- About this exercise: Required from the data below: the exact lines starting at the line containing "000 tests) Aptima-kit" and ending at the line containing "Amsterdam recruitment", with both ends kept and all pictures dropped.

- Data:
----------
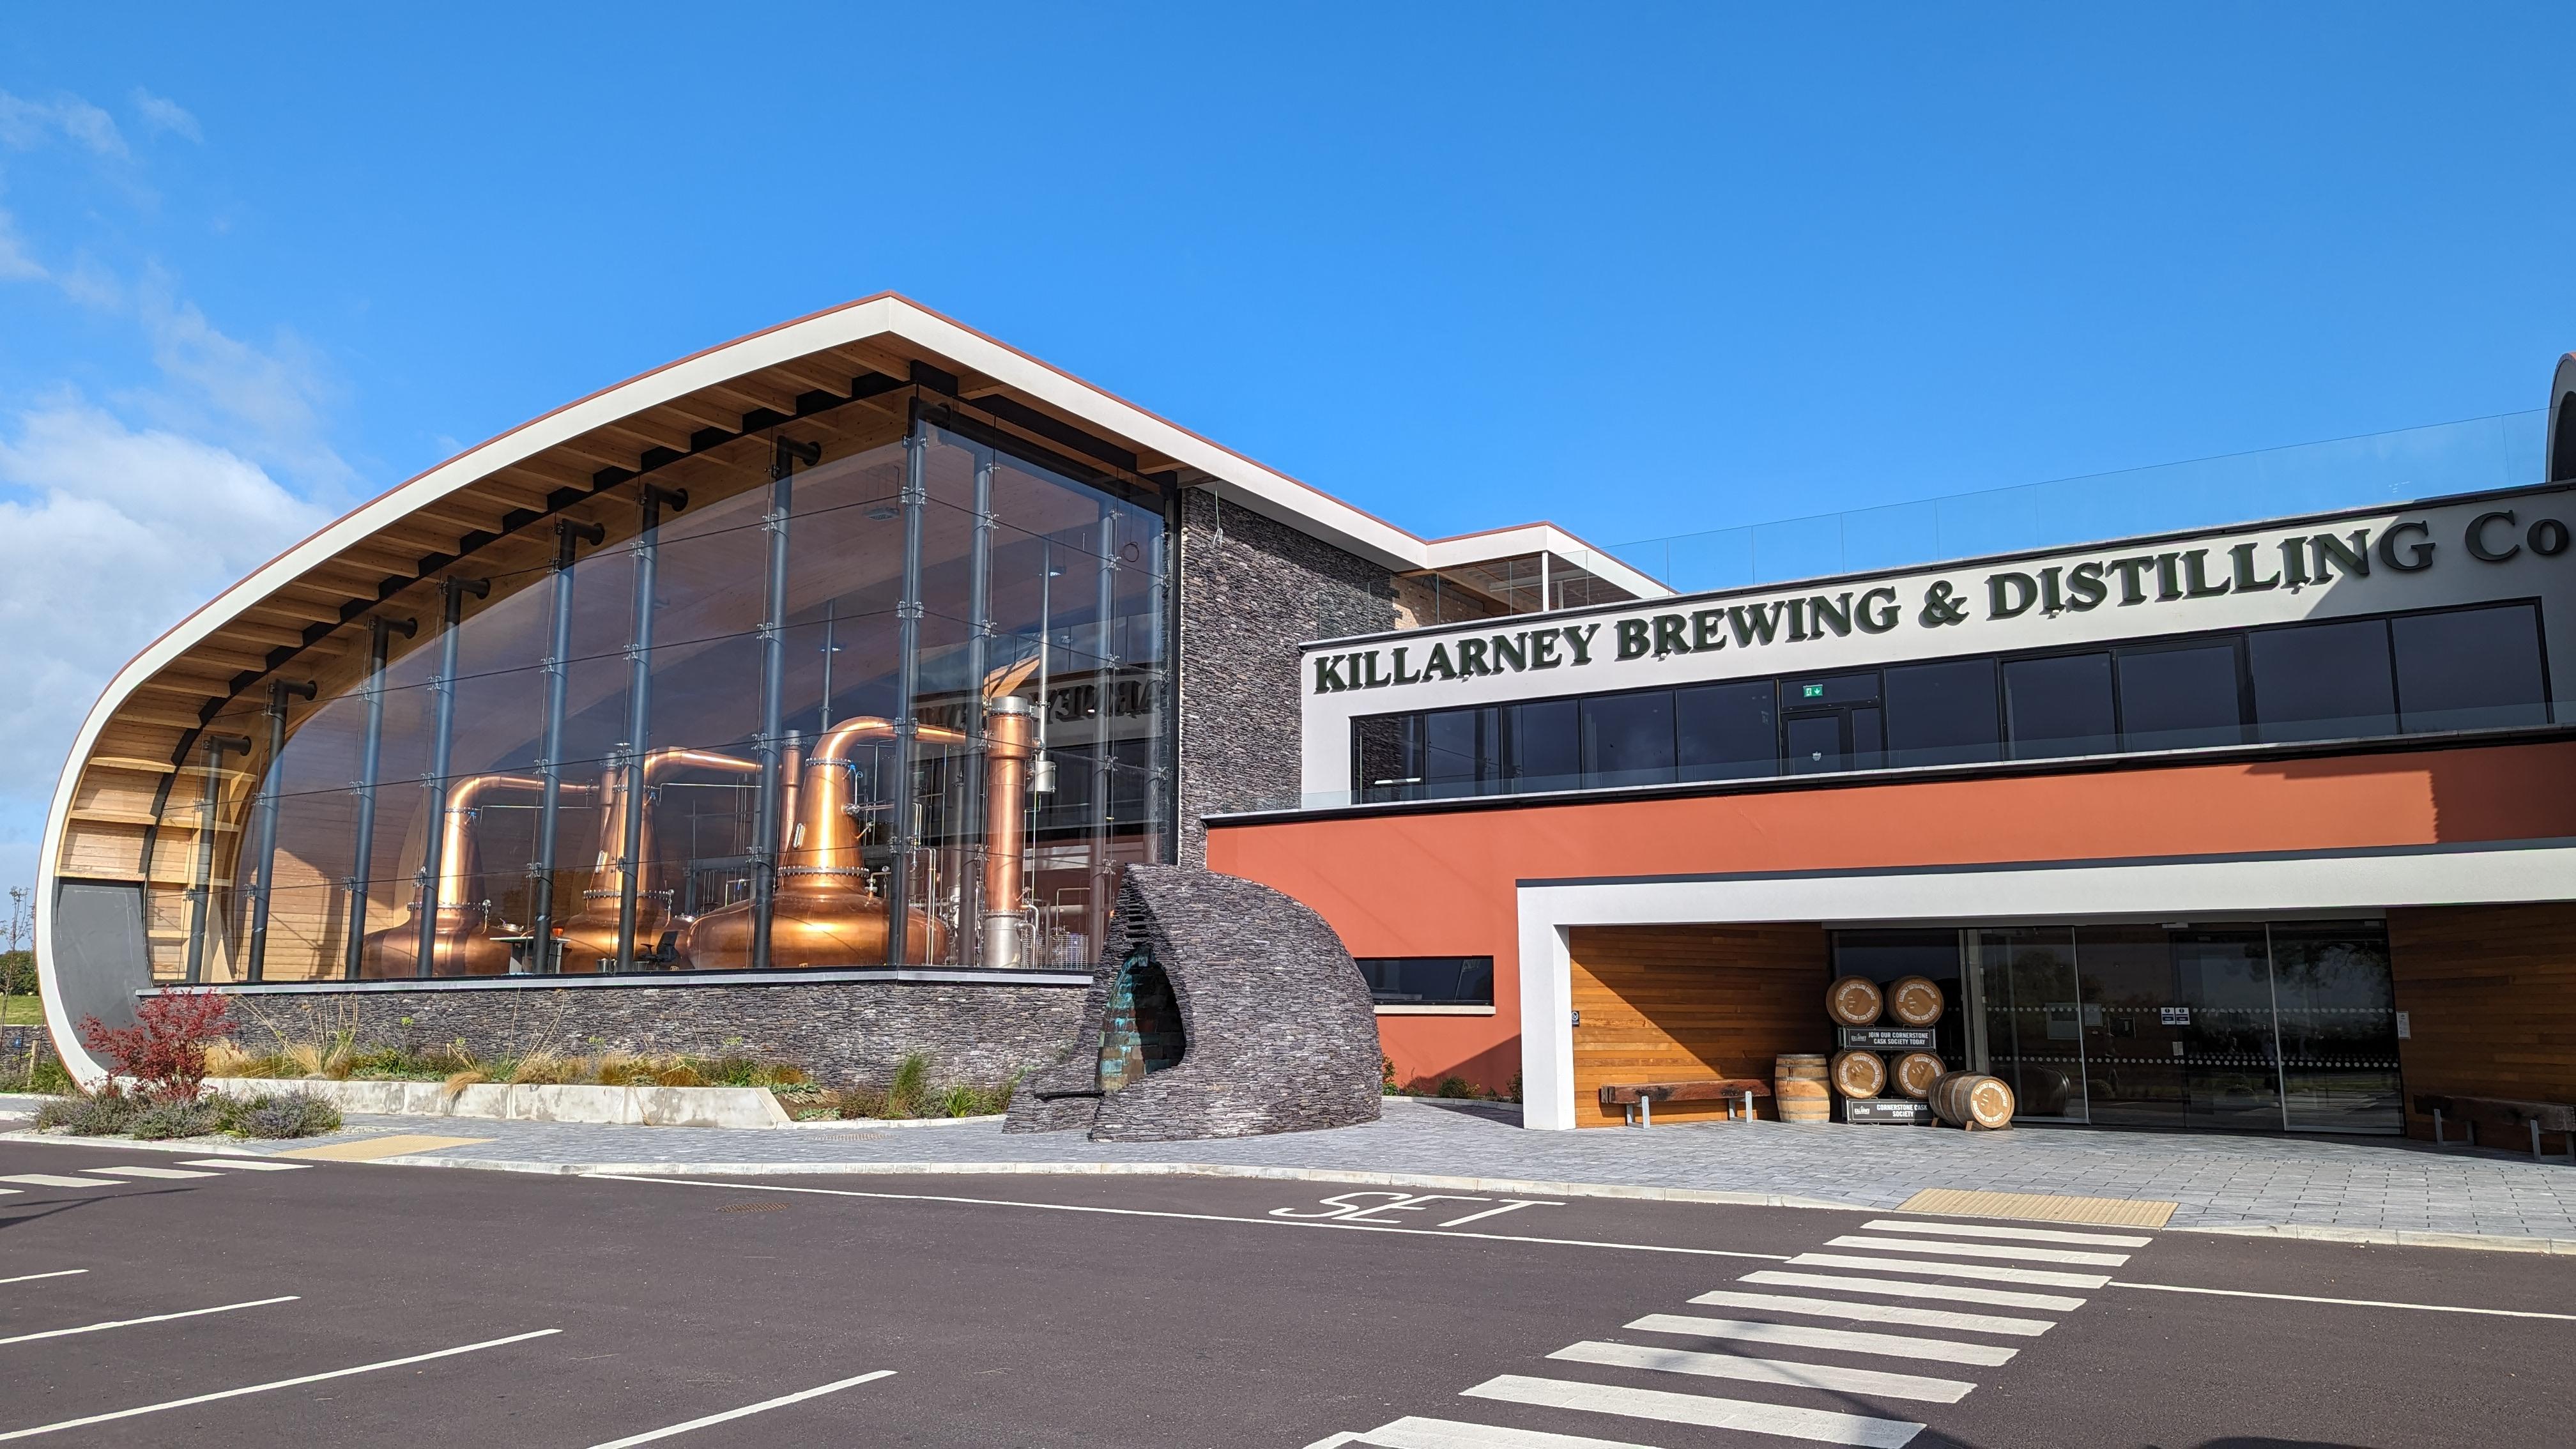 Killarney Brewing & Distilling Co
----------
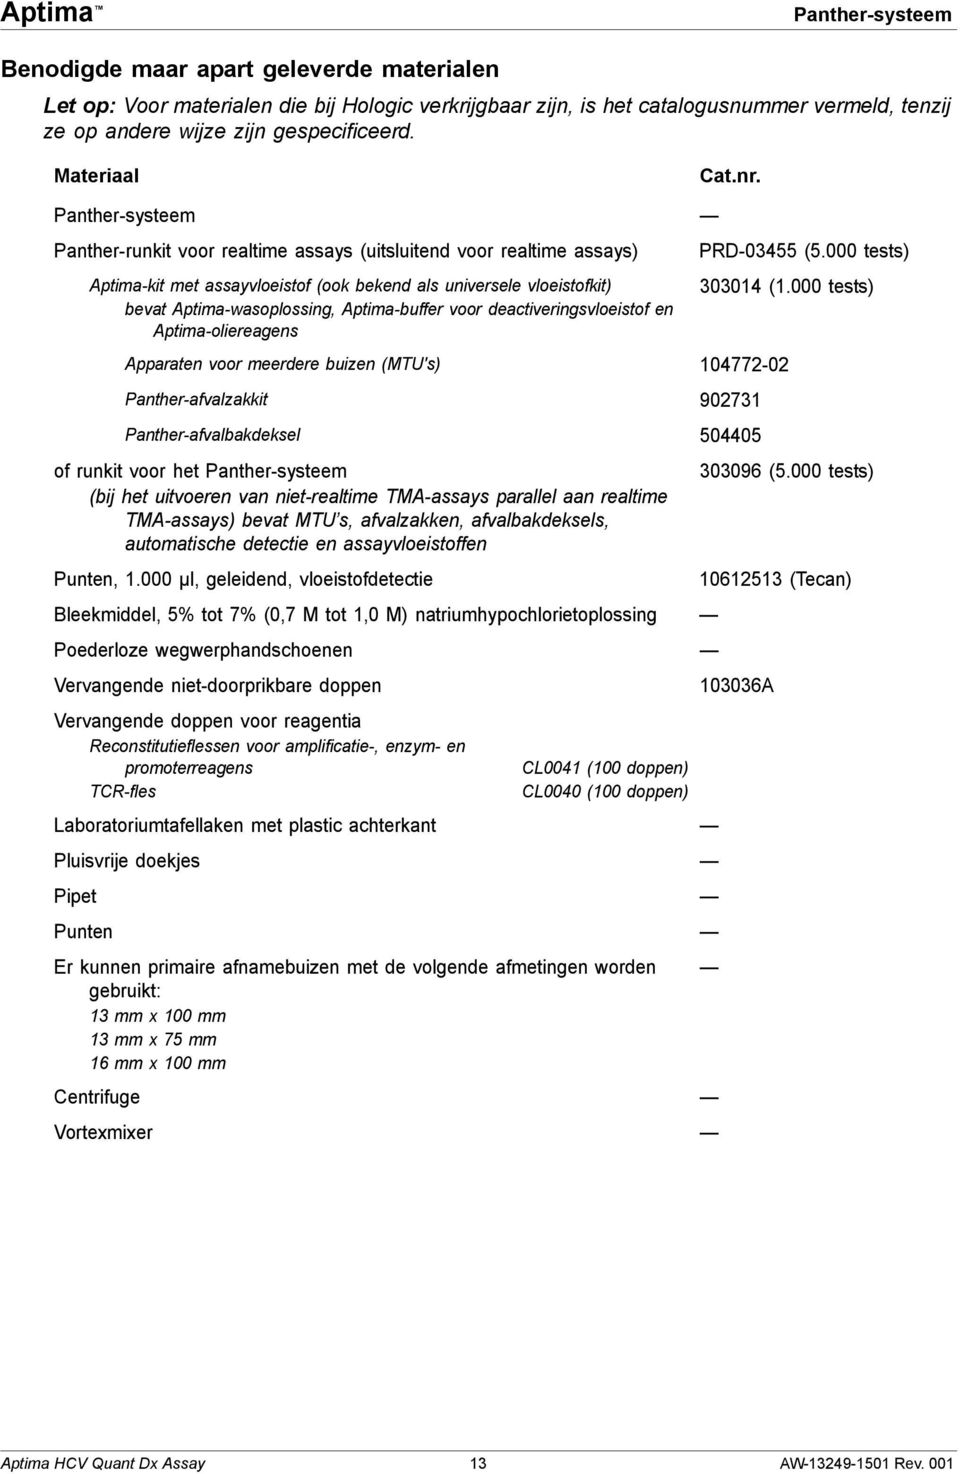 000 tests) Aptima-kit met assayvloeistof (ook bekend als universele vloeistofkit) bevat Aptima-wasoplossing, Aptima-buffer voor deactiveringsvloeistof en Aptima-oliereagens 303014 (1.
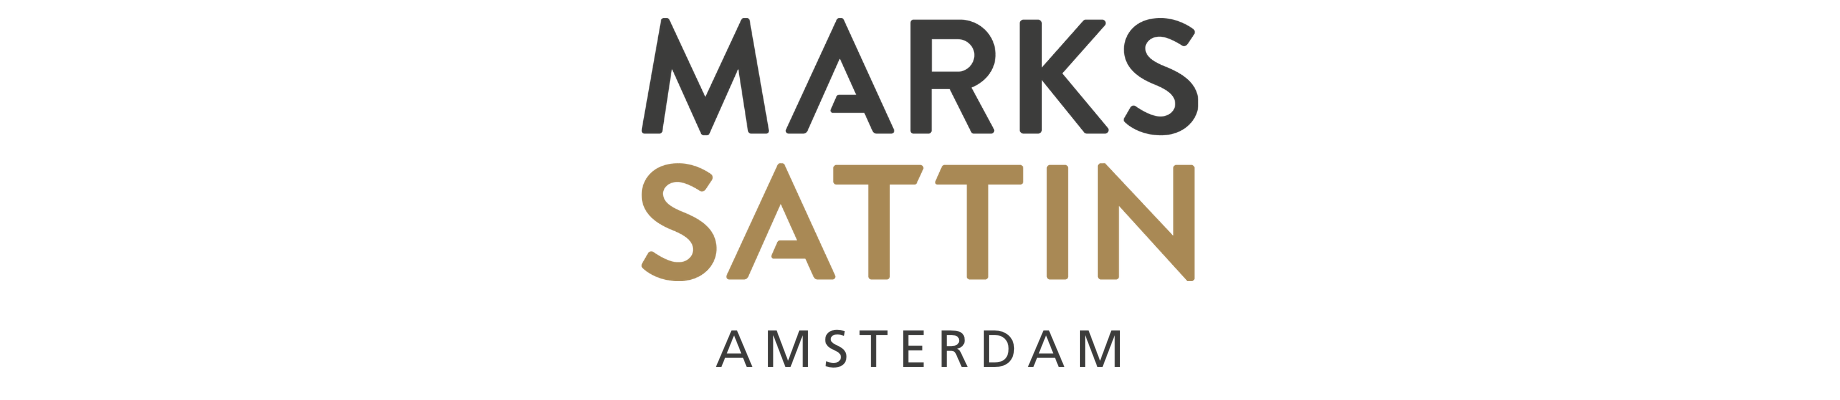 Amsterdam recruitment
----------
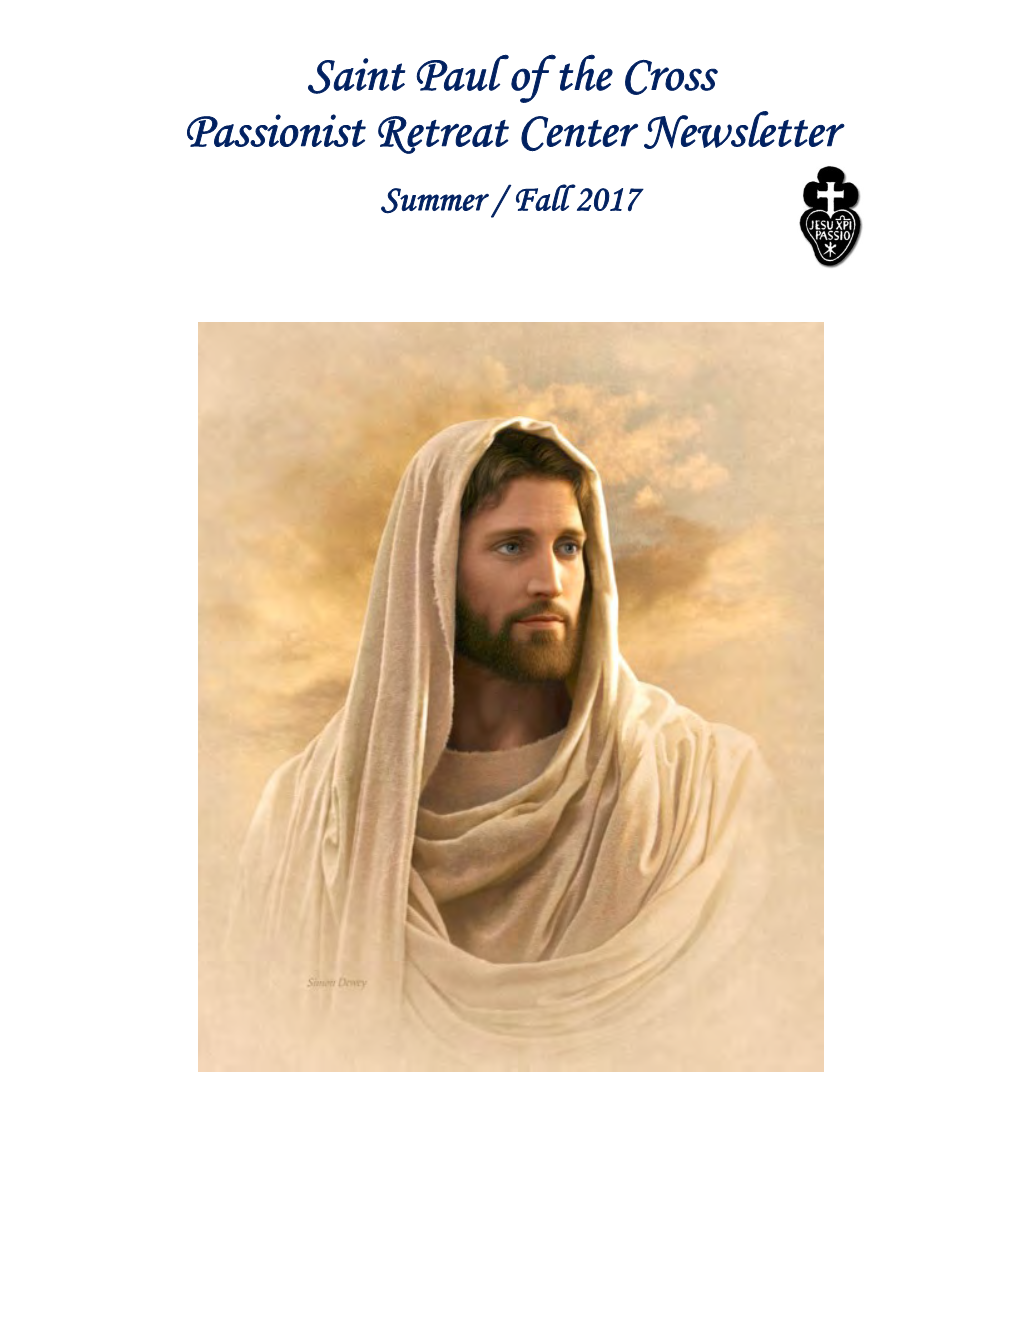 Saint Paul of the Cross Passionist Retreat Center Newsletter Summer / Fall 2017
----------
- Response to this exercise:
 000 tests) Aptima-kit met assayvloeistof (ook bekend als universele vloeistofkit) bevat Aptima-wasoplossing, Aptima-buffer voor deactiveringsvloeistof en Aptima-oliereagens 303014 (1.
 Amsterdam recruitment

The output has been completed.